17h30–18h30 : François Thomas, « Sentir et penser dans sa langue, et dans d’autres. »
Nous apprenons à penser dans une langue, mais aussi et simultanément à mettre en mots et interpréter nos sentiments et émotions. Quelle importance dès lors accorder à la langue, et notamment à la langue maternelle, dans l’analyse du couple sentir et penser ? Peut-on envisager, à même la langue, un entrelacement originaire de la pensée et de la sensibilité, et concevoir la subjectivité comme ancrée dans une langue autant que dans une culture ? Comment prendre en compte et respecter l’attachement affectif à la langue maternelle, sans enfermer dangereusement l’individu dans une manière de sentir et de penser prédéterminée ?

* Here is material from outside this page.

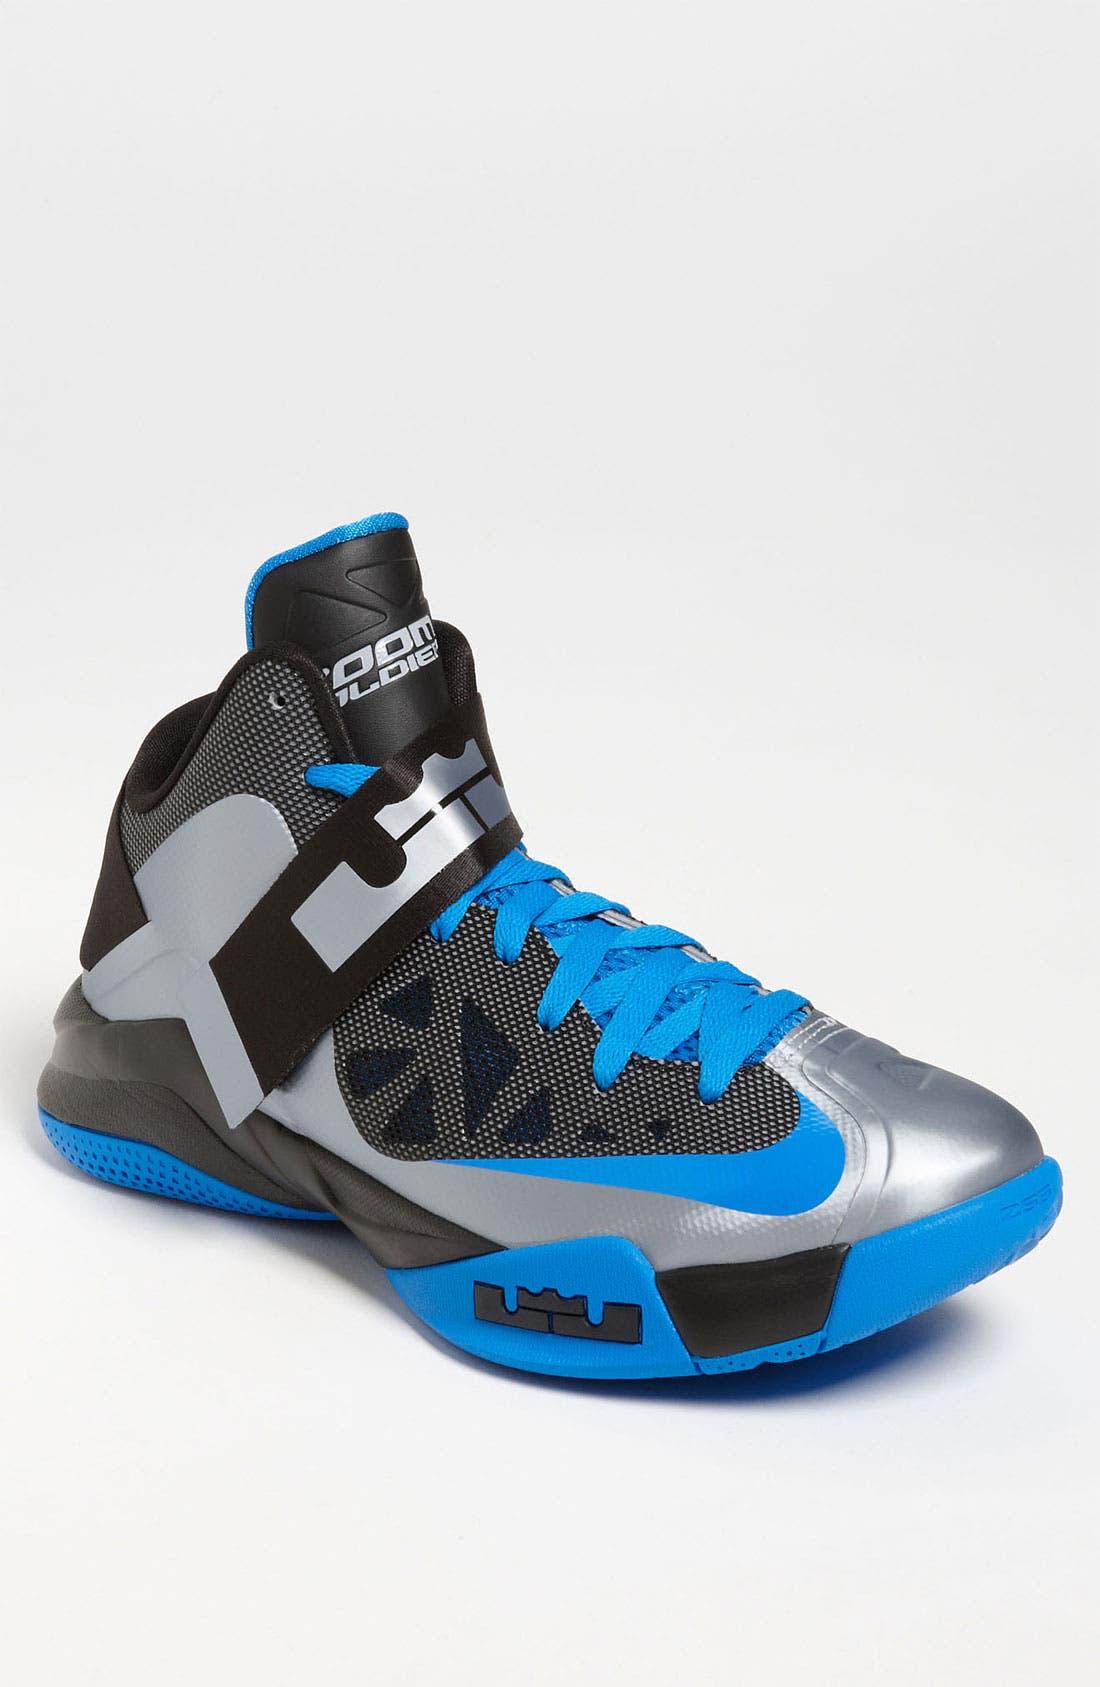 Alternate Image 1 Selected - Nike 'Zoom Soldier VI' Basketball Shoe (Men)

18h30 : Fin de la journée.
Vendredi 30 avril
9h45–10h00 : accueil.
Matin : Théorie et sensation (modératrice : V. Decaix)
10h00–11h00 : Charles Capet, « » Feeling and thinking » chez Hume : le feeling comme critère indéfinissable de ce en quoi l’esprit croit et qui conditionne son rapport au monde. »
On souhaite questionner chez Hume les rapports complexes entre « feeling and thinking », afin de montrer que, loin d’être relégué dans la sphère du simplement subjectif et d’être pour cela exclu du raisonnement valide, le feeling correspond à un « certain je-ne-scai-quoi » qui demeure déterminant au sein de la pensée. Pour cela, on commencera par rappeler la différence d’intensité entre les impressions et les idées, en insistant sur la question des idées plus ou moins vives. Après quoi, il sera possible de distinguer deux sens de feeling, l’un portant sur la croyance causale, l’autre sur l’adhésion aux démonstrations.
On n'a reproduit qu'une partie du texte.